Days 9–10 of the OpenAI Retro Contest

Getting about 8 lines into the Rainbow DQN baseline implementation.

Tristan Sokol
3 min readApr 16, 2018

Team Bobcats’s previous work for days 1, 3, 4 & 5, and 6 of the OpenAI Retro Contest had been mostly focused on getting some of the different baseline implementations up and running. The jerk agent wasn’t too tricky to understand, but the rainbow was definitely outside of immediate grokability so it was time to dig deep and see what was going on. I am going to try to go line by line in the code to see what is happening where, so hopefully by the end of the post I will have a decent understanding.

Part one, the imports:

This will probably the easiest section.

  • #!/usr/bin/env python honestly I thought that this was just something that you put on python scripts, and this helpful StackOver answer told me that I was not alone but also that it does a little more than that, but doesn’t seem to be anything special for this use case.
  • import tensorflow as tf TensorFlow is very cool right now. What does it do ? I am not totally sure, but I look forward to finding out.
  • from anyrl.algos import DQN this is the first in the set of imports bring in a variety of things from a library that apparently “APIs for Reinforcement Learning” but have pretty little in terms in terms of documentation. The first line adds an implementation of Deep Q-Learning. DQN seems to be just on my level of understanding based on this handy post I read from Intel and more generally seem to be the basic structure of the type of learning we are trying to do.
  • from anyrl.envs import BatchedGymEnv This functionality looks to be focused on just an optimization for running your code in batches.
  • from anyrl.envs.wrappers import BatchedFrameStack Here we get some code to handle the stacks of images in a batched manner, the batched version FrameStackEnv
  • from anyrl.models import rainbow_models The Rainbow refers to this paper where a group combined the efforts of a few Deep Q-Learning techniques.

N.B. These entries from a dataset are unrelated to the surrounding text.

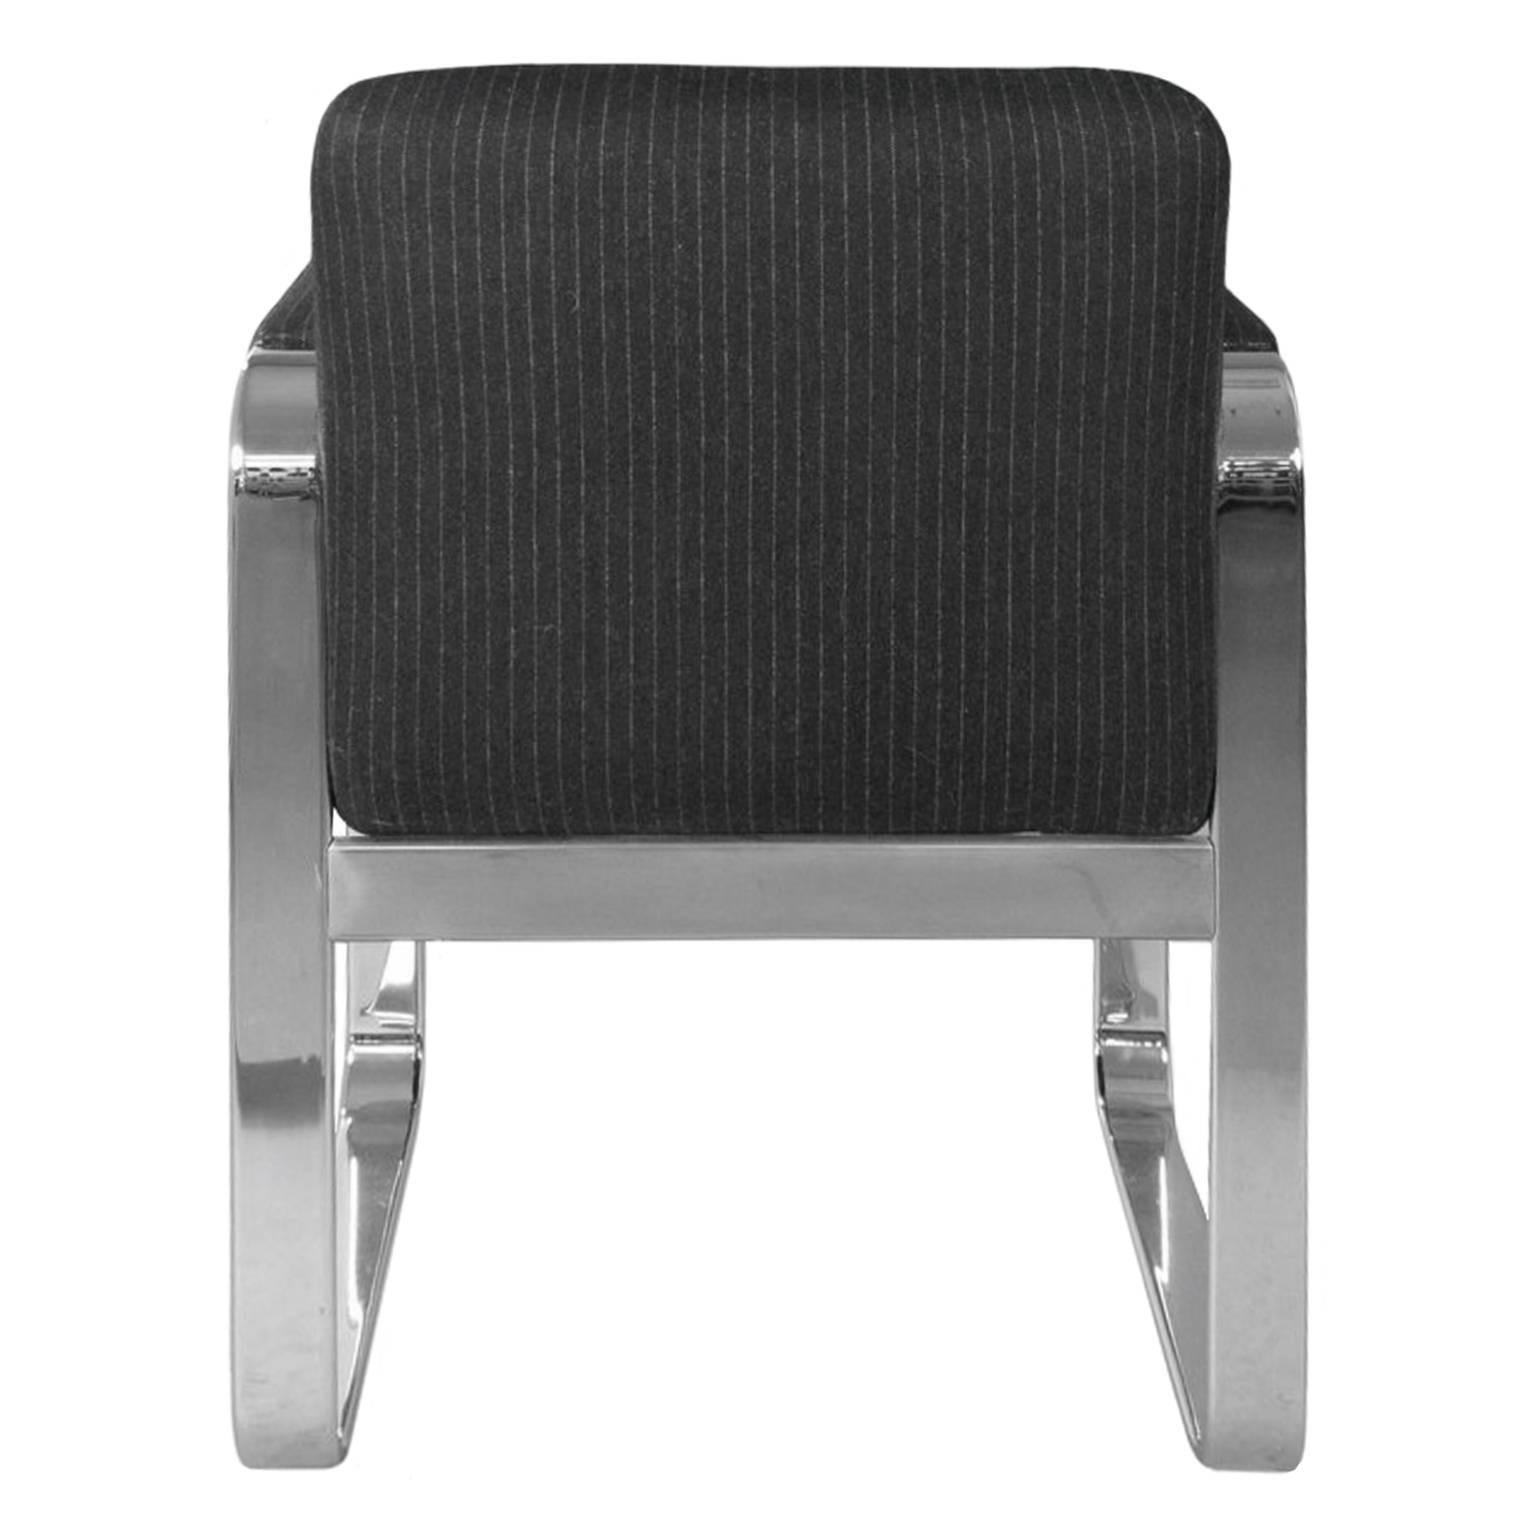 American 1970s Rounded Rectangular Chrome Armchair in Charcoal Pinstripe Upholstery
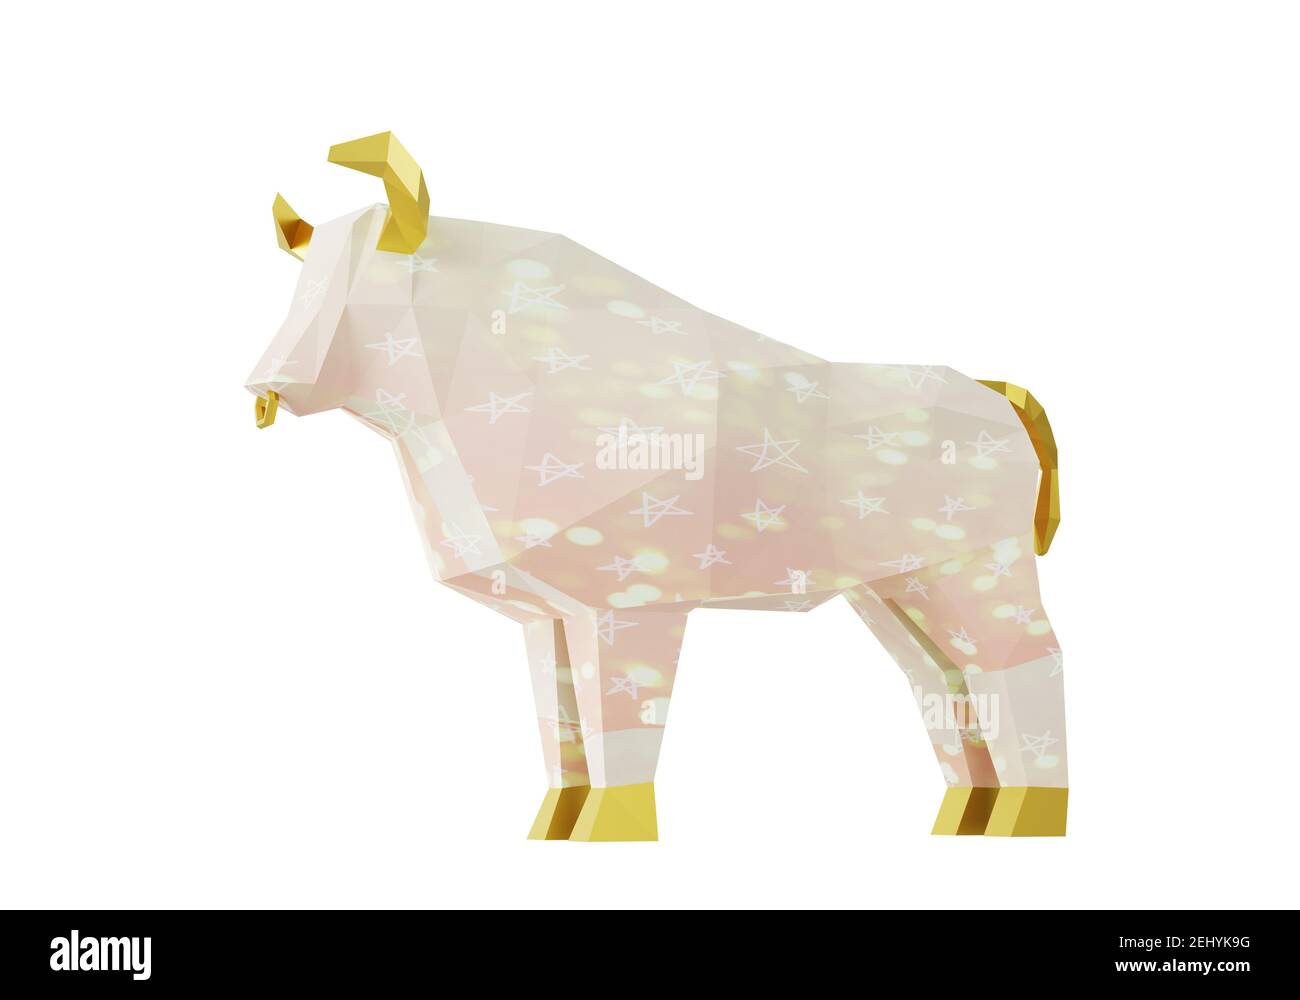 Low Poly Light Pink Bull with stars, folded paper animal figurine, 3d render Stock Photo
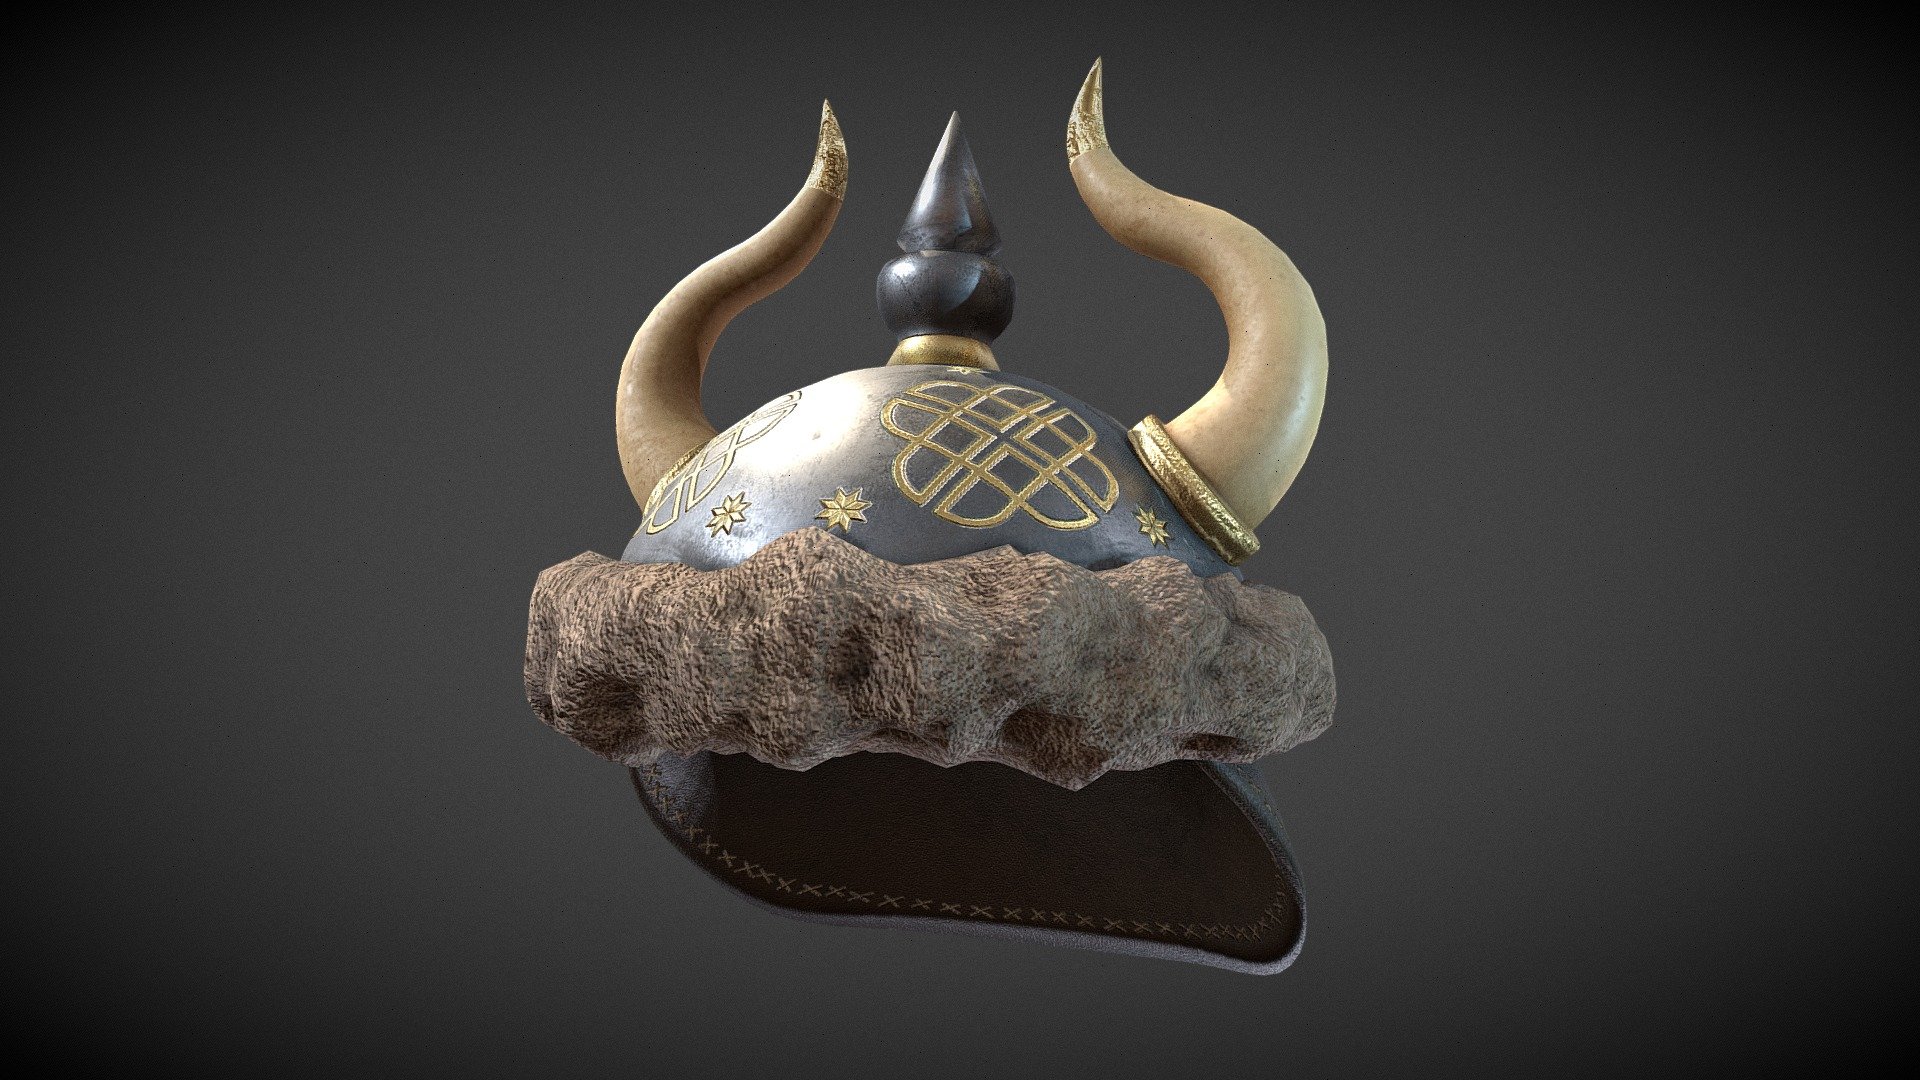 Barbarian Viking Horned Helmet inspired from Conan the Barbarian - Armor Model/Texture work by Outworld Studios

Must give credit to Outworld Studios if using this asset

Show support by joining my discord: https://discord.gg/EgWSkp8Cxn

Portoflio: https://www.artstation.com/outworldstudios - Barbarian Viking Horned Helmet - Buy Royalty Free 3D model by Outworld Studios (@outworldstudios) 3d model
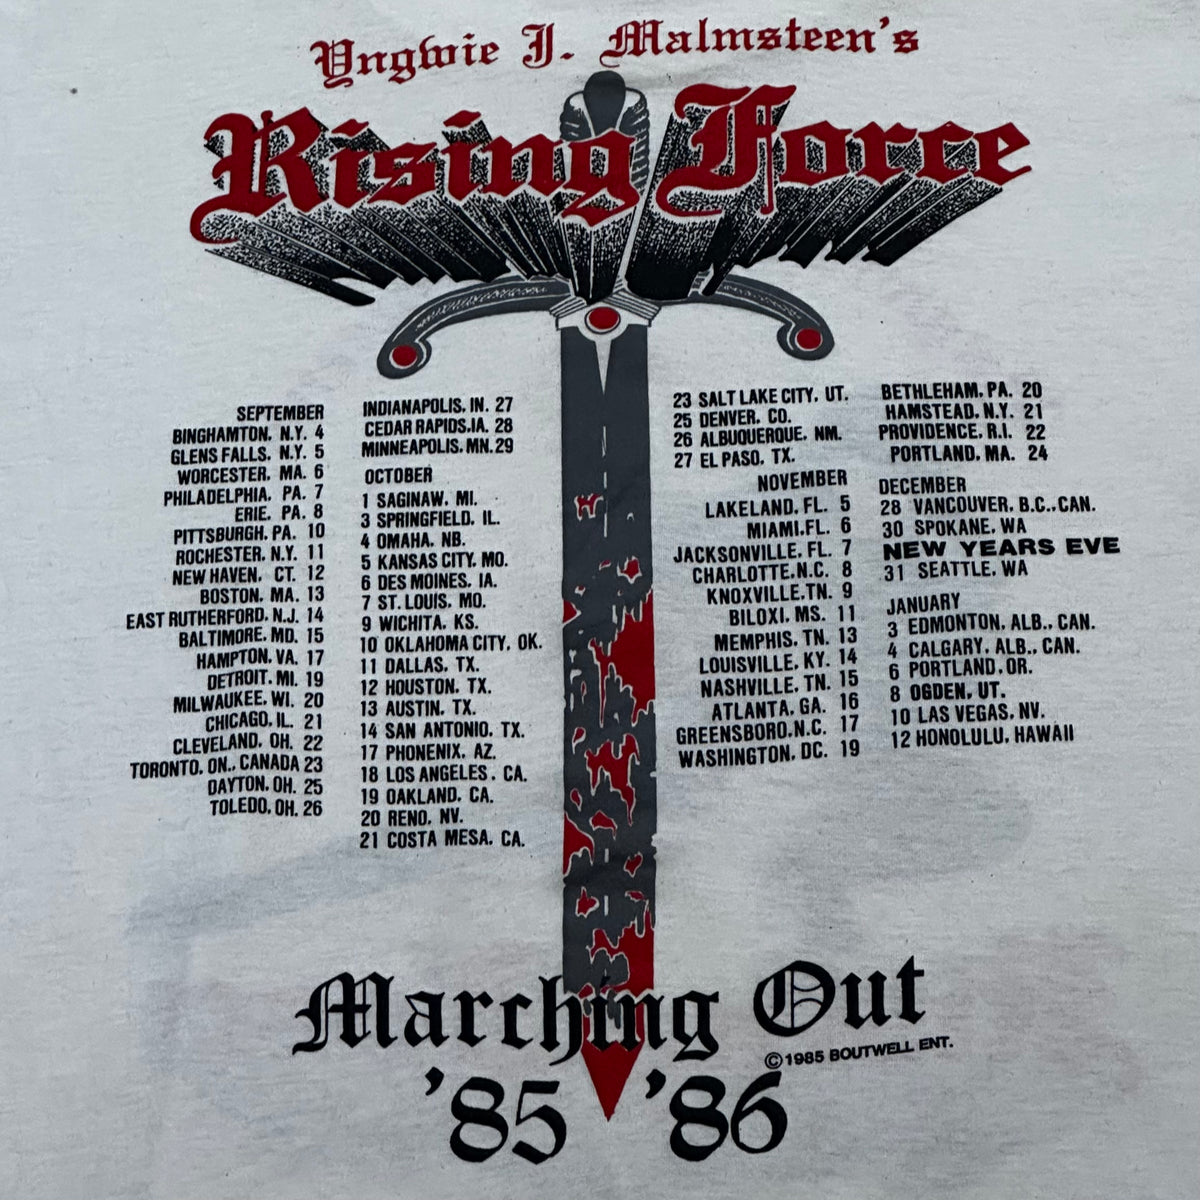 1985 Vintage Yngwie Malmsteen Rising Force tour shirt

Reading that paper reminded me of the PPO2 baseline agent, so I took a little trip into reading about in the OpenAI site.

We’re releasing a new class of reinforcement learning algorithms, Proximal Policy Optimization (PPO), which perform comparably or better than state-of-the-art approaches while being much simpler to implement and tune.

Wow! sounds like the PPO is much easier to understand and work through, so with my limited internet access this week I might suspend my efforts and focus and trying to get the PPO2 implementation to work.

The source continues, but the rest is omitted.